Data for review →
*** Block opens ***
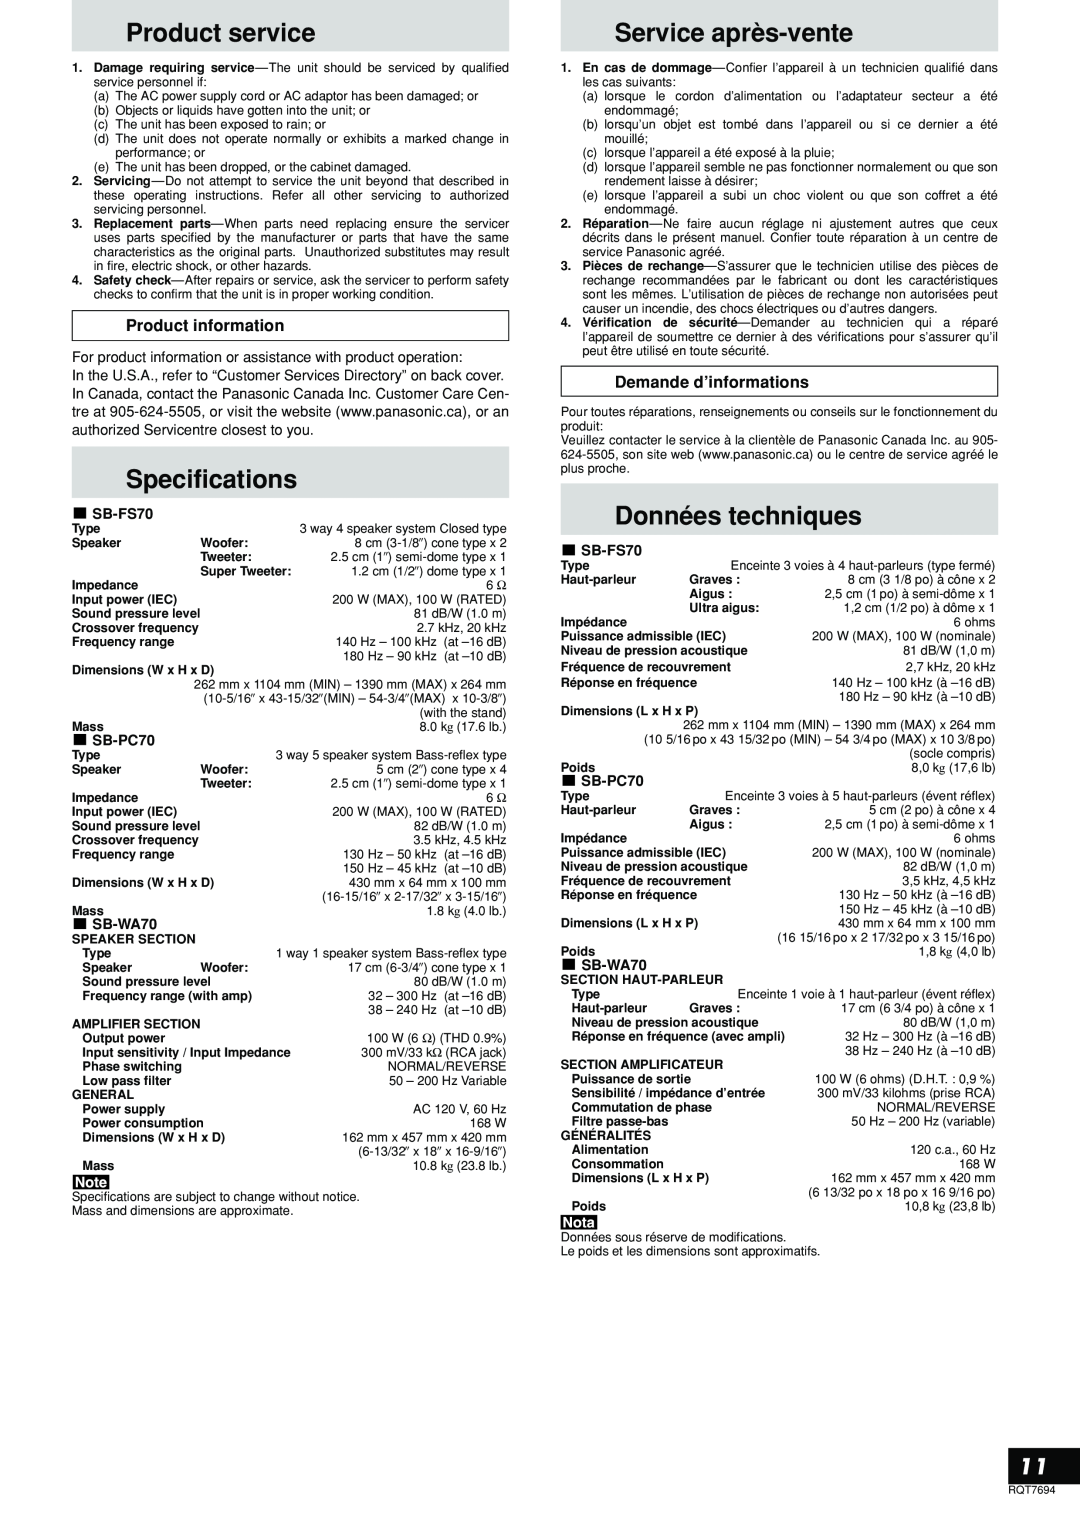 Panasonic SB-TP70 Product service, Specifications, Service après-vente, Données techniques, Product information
*** Block closes ***
*** Block opens ***
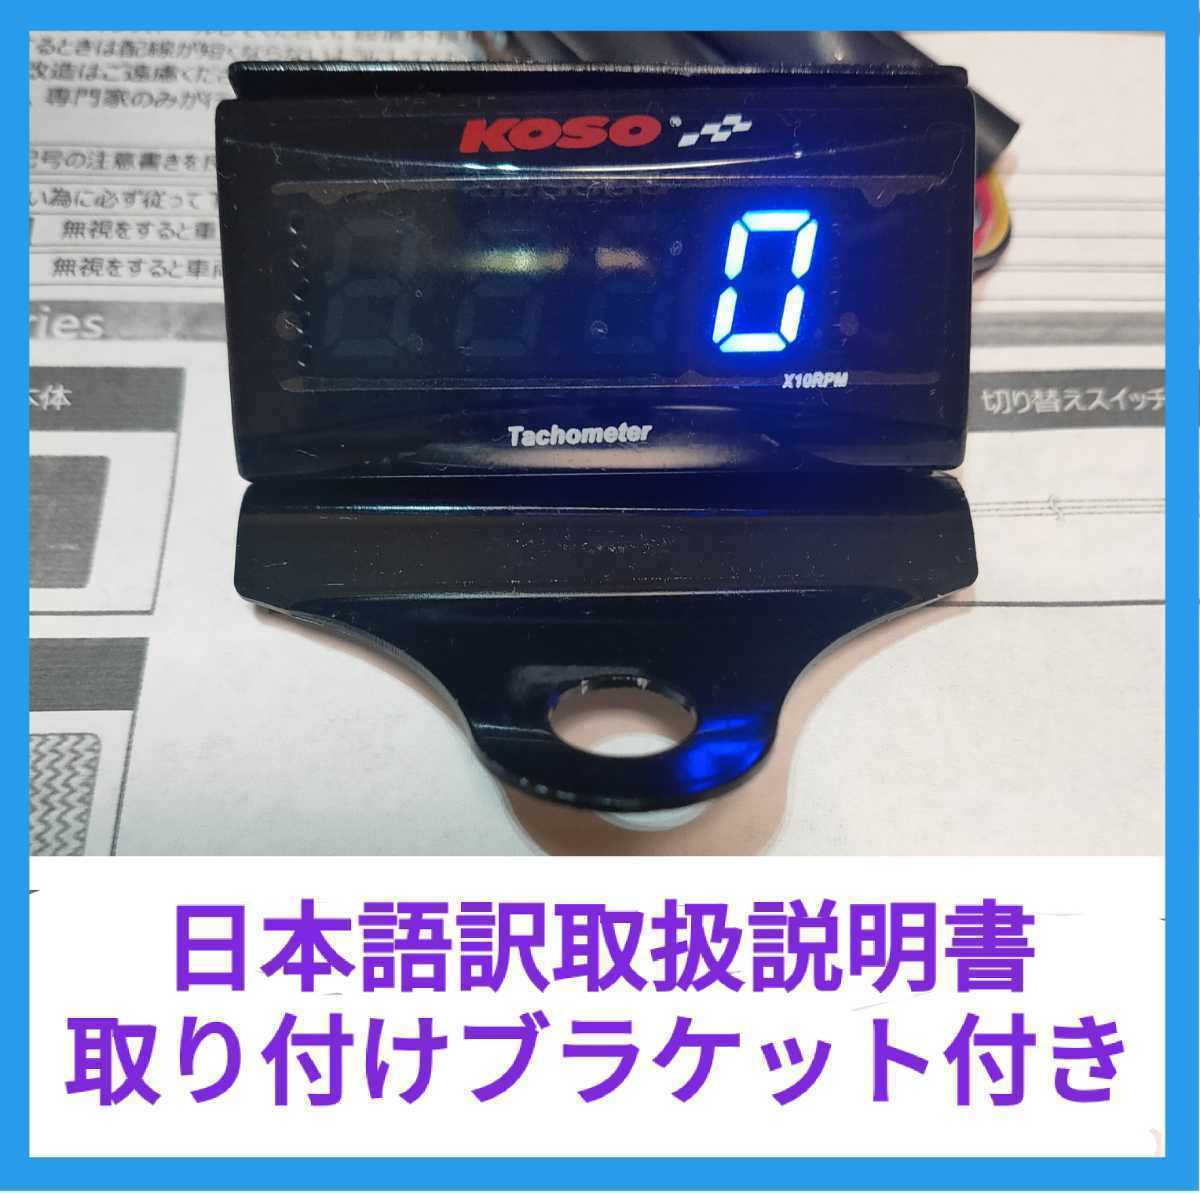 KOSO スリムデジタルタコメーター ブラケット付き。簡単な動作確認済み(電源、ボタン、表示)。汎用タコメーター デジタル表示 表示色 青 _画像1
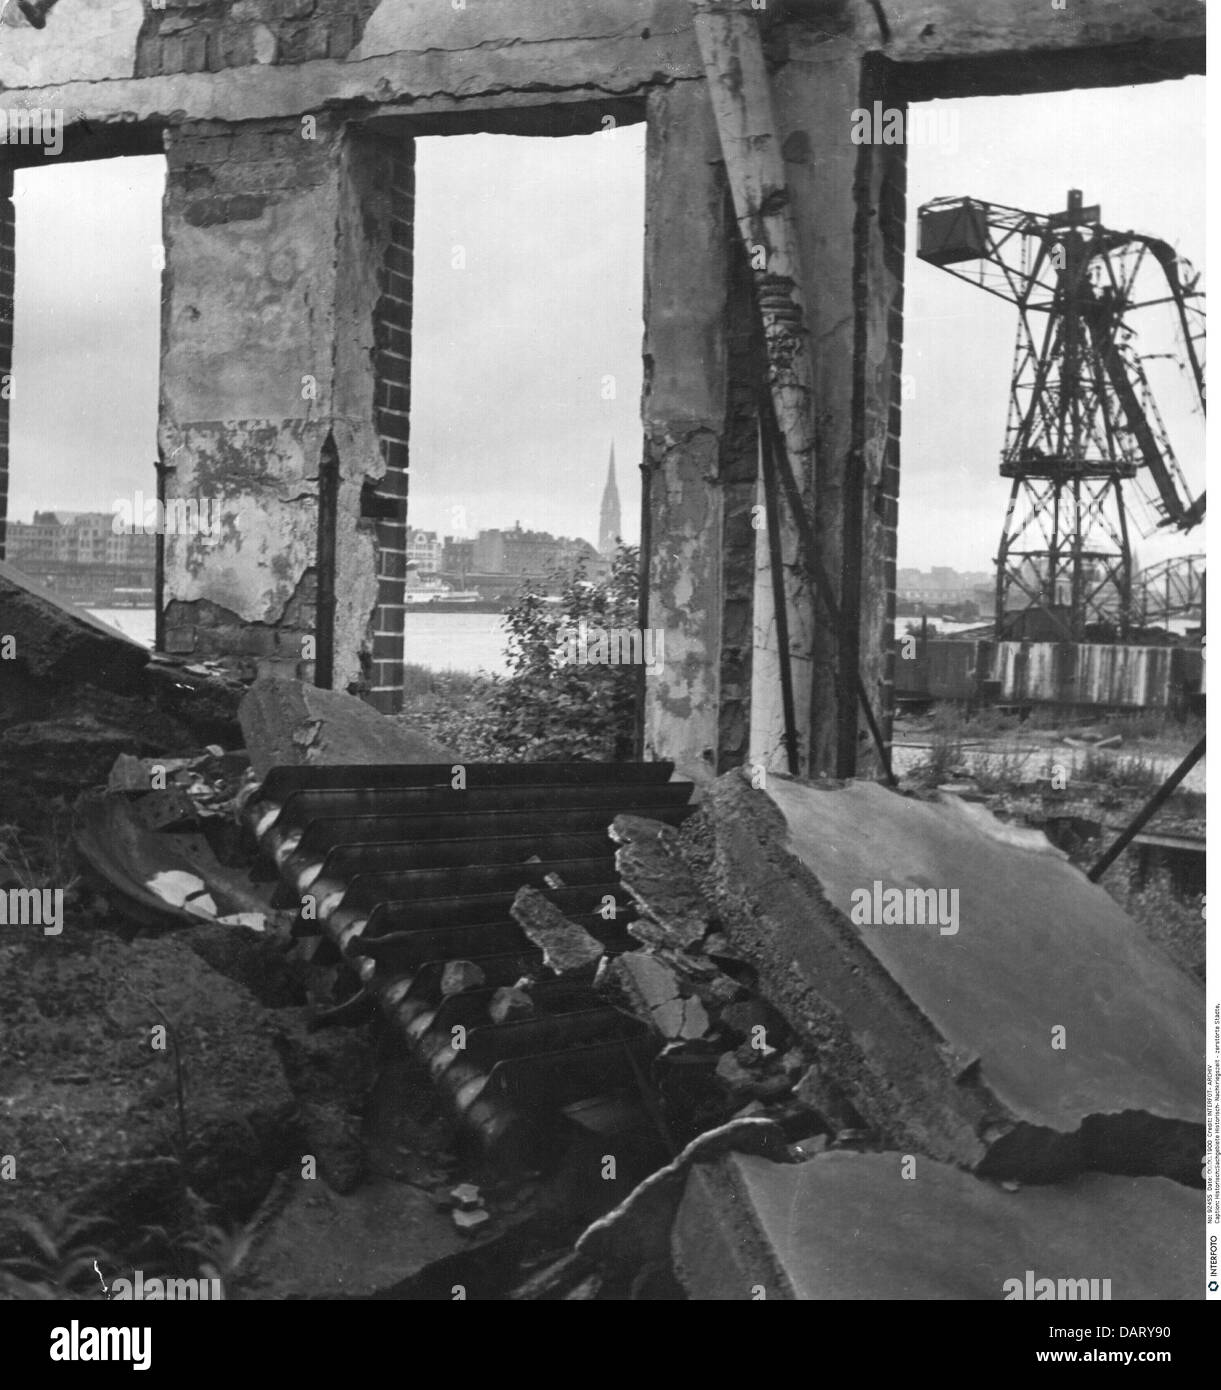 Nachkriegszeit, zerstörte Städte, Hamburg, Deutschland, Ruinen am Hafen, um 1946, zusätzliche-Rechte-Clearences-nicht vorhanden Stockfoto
*** Block closes ***
Your goal → Beginning with the line above that has "KOSO スリムデジタルタコメーター ブラケット付き。簡単な動作確認済み(電源、ボタン、表示)。汎用タコメーター" and going on through the line that has "Nachkriegszeit, zerstörte Städte, Hamburg, Deutschland, Ruinen", retype every line exactly and add nothing else; drop the pictures.

Result of the exercise →
 KOSO スリムデジタルタコメーター ブラケット付き。簡単な動作確認済み(電源、ボタン、表示)。汎用タコメーター デジタル表示 表示色 青 _画像1
 Nachkriegszeit, zerstörte Städte, Hamburg, Deutschland, Ruinen am Hafen, um 1946, zusätzliche-Rechte-Clearences-nicht vorhanden Stockfoto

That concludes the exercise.